## Goal of the exercise
Leave out the pictures and repeat the data exactly.

## Collected data
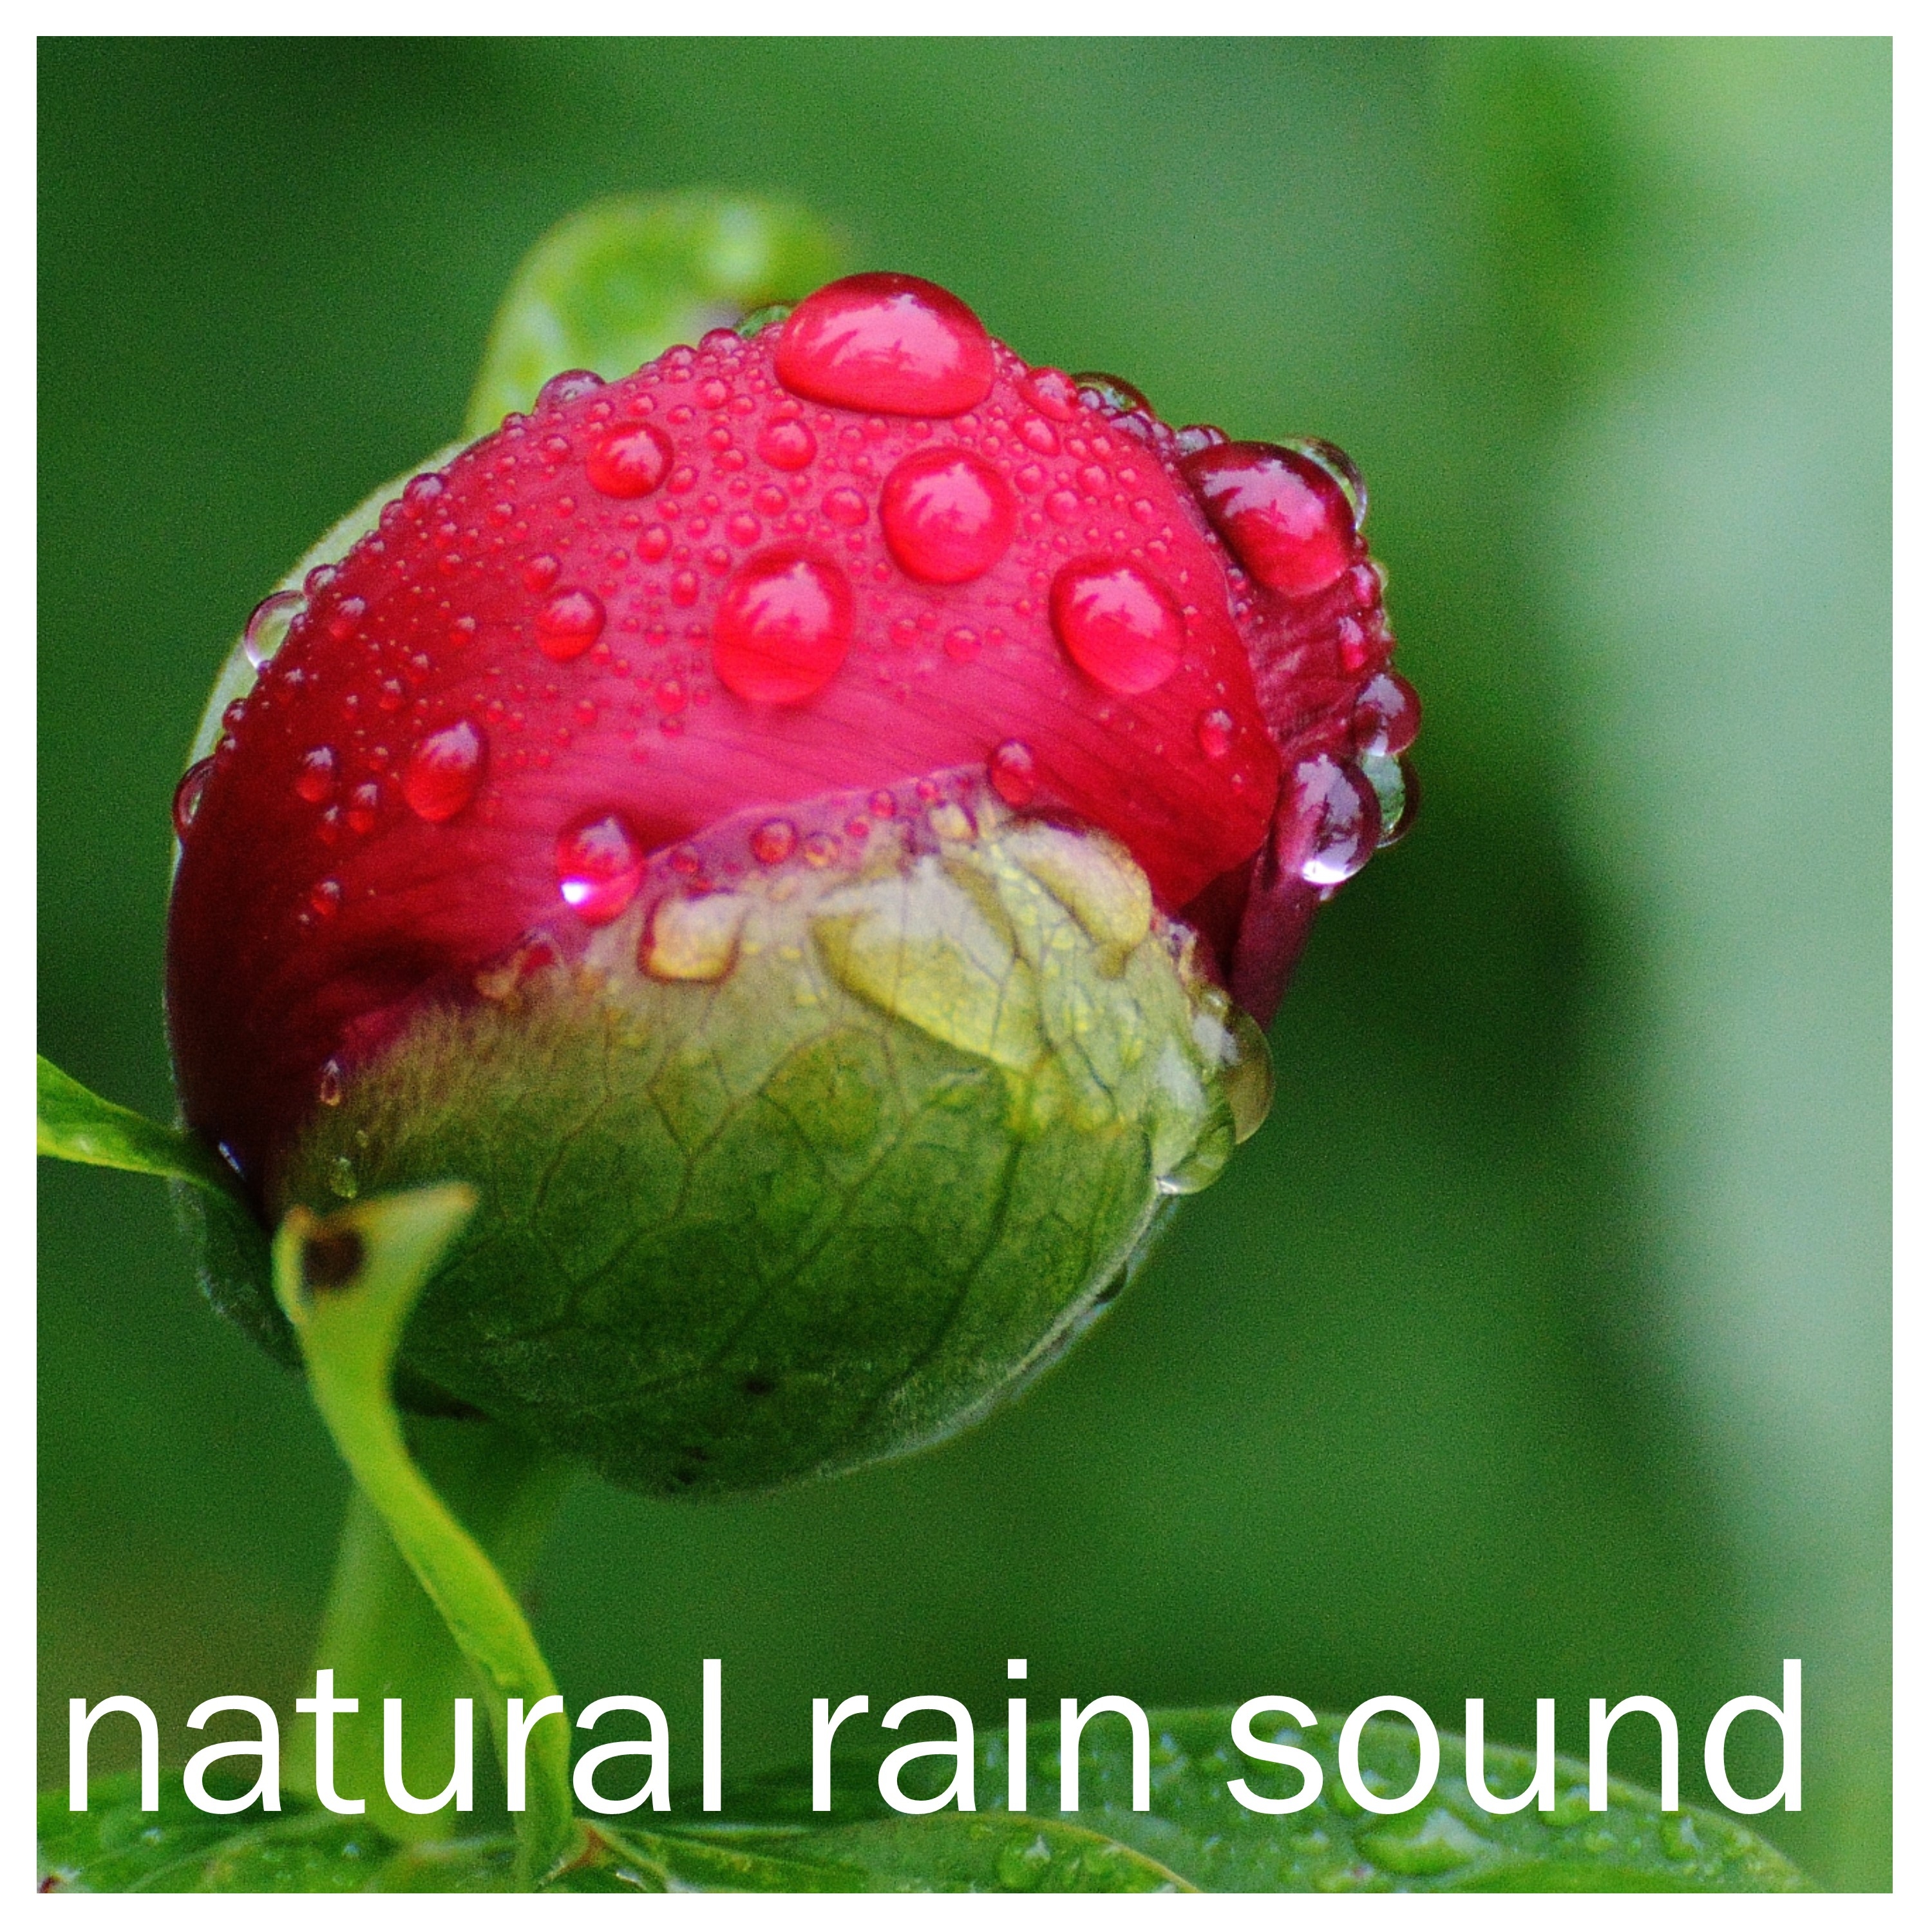 16 Rain Sounds to Calm the Mind, Relieve Stress and Unwind
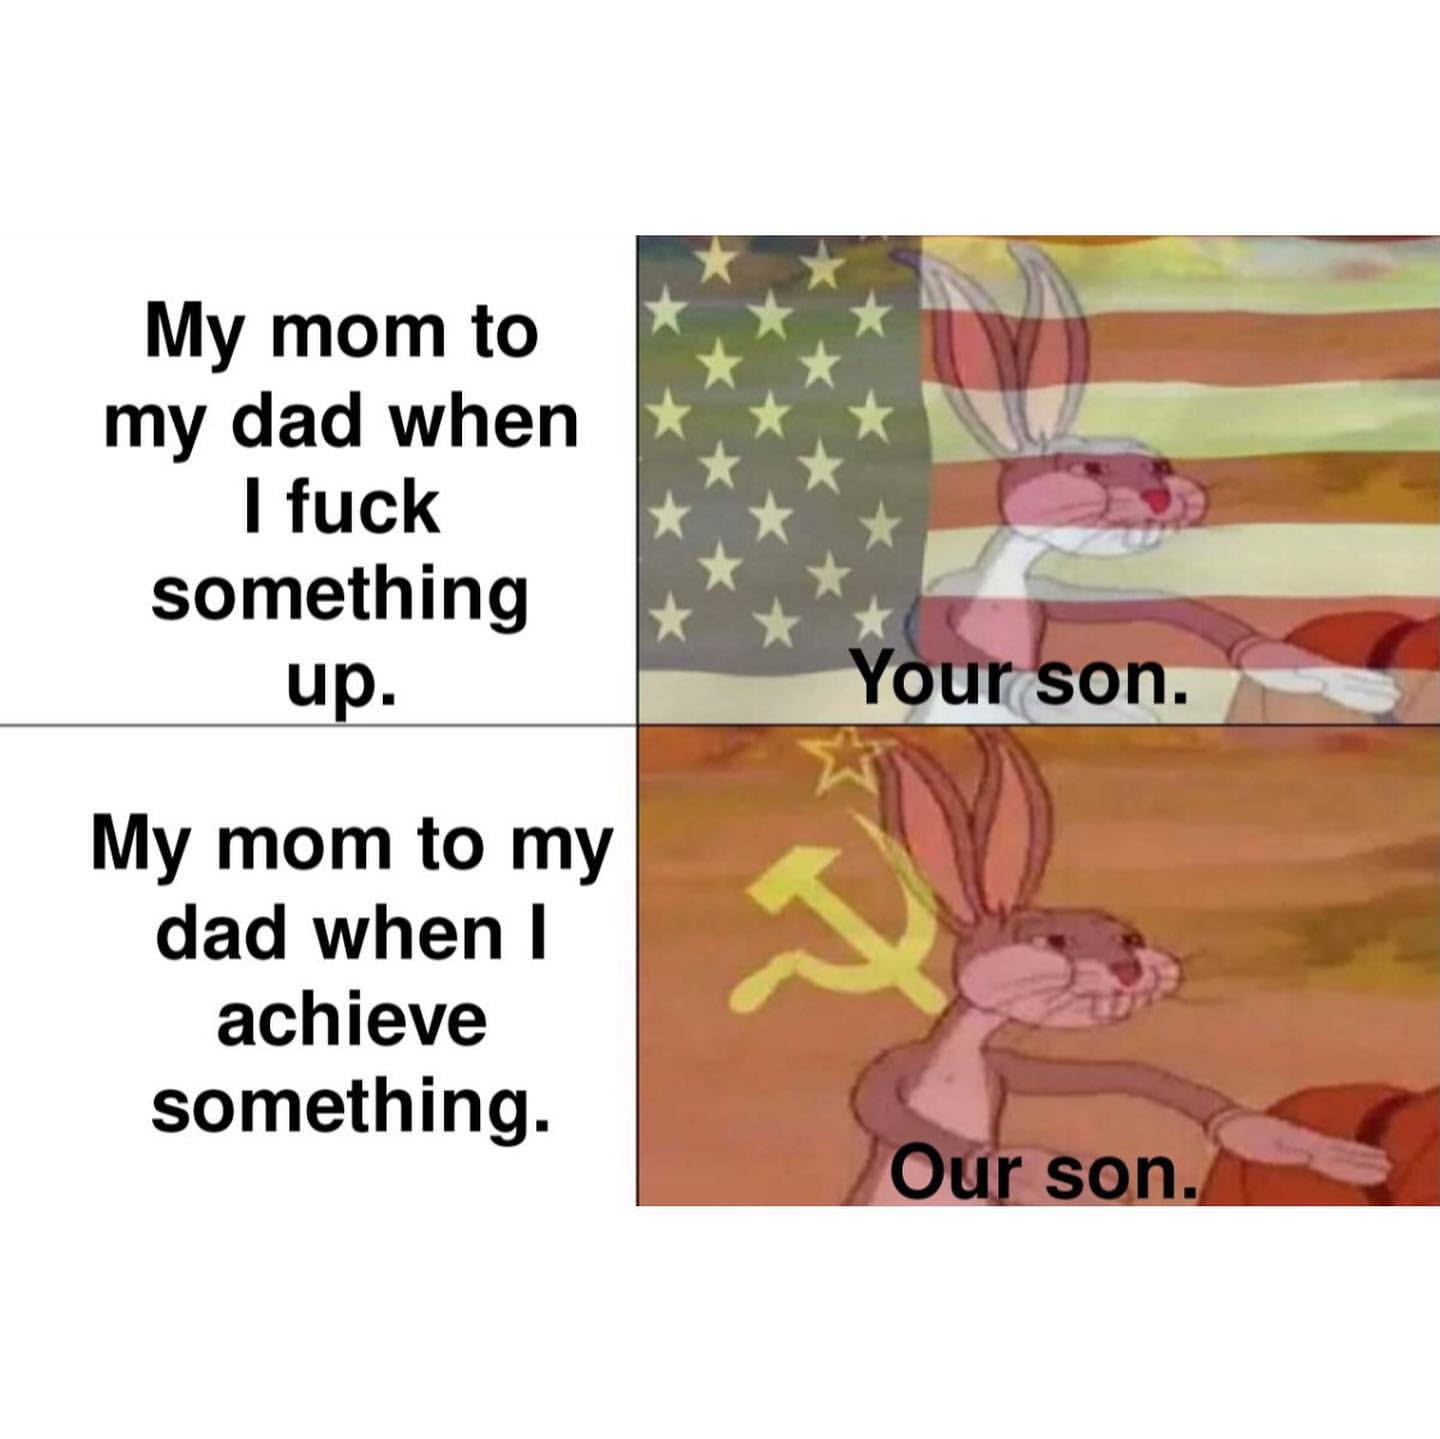 My mom to my dad when I fuck something up: Your son. My mom to my dad when I achieve something: Our son.
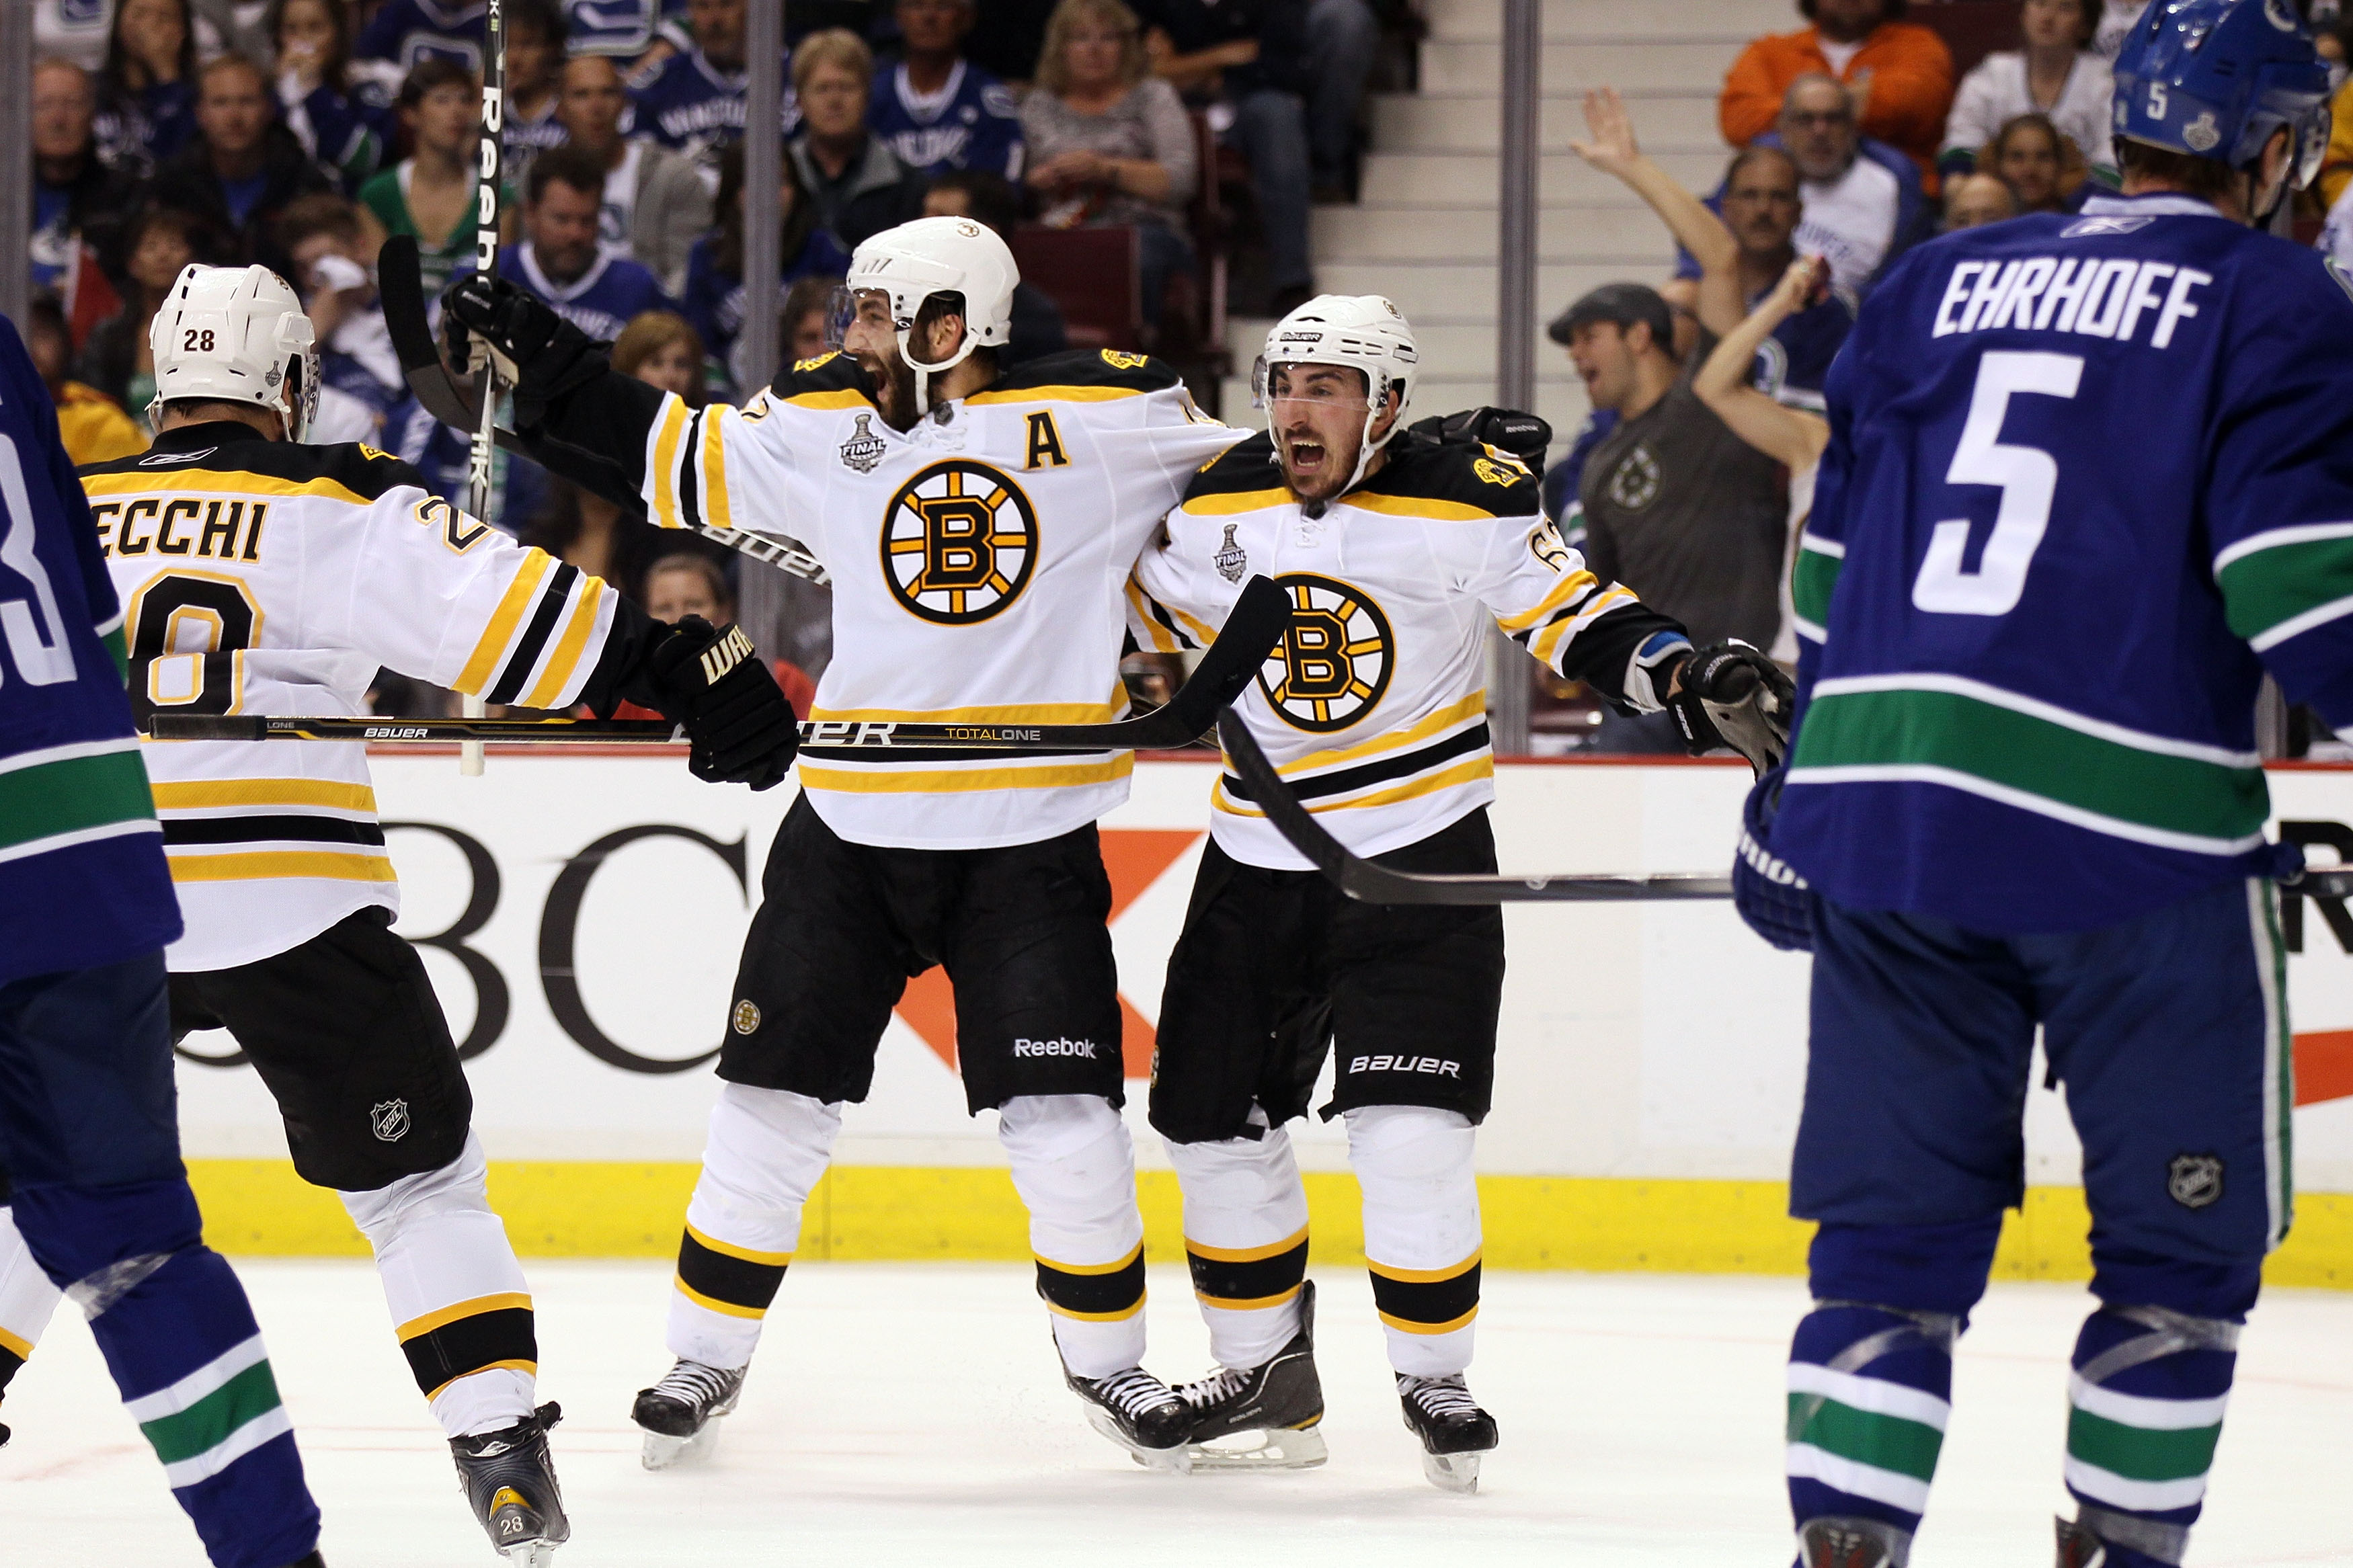 VANCOUVER, BC - JUNE 15:  Patrice Bergeron #37 of the Boston Bruins celebrates with his teammates Mark Recchi #28 and Brad Marchand #63 after scoring a goal in the first period against Roberto Luongo #1 of the Vancouver Canucks during Game Seven of the 20

## Result for this task
 16 Rain Sounds to Calm the Mind, Relieve Stress and Unwind
 My mom to my dad when I fuck something up: Your son. My mom to my dad when I achieve something: Our son.
 VANCOUVER, BC - JUNE 15:  Patrice Bergeron #37 of the Boston Bruins celebrates with his teammates Mark Recchi #28 and Brad Marchand #63 after scoring a goal in the first period against Roberto Luongo #1 of the Vancouver Canucks during Game Seven of the 20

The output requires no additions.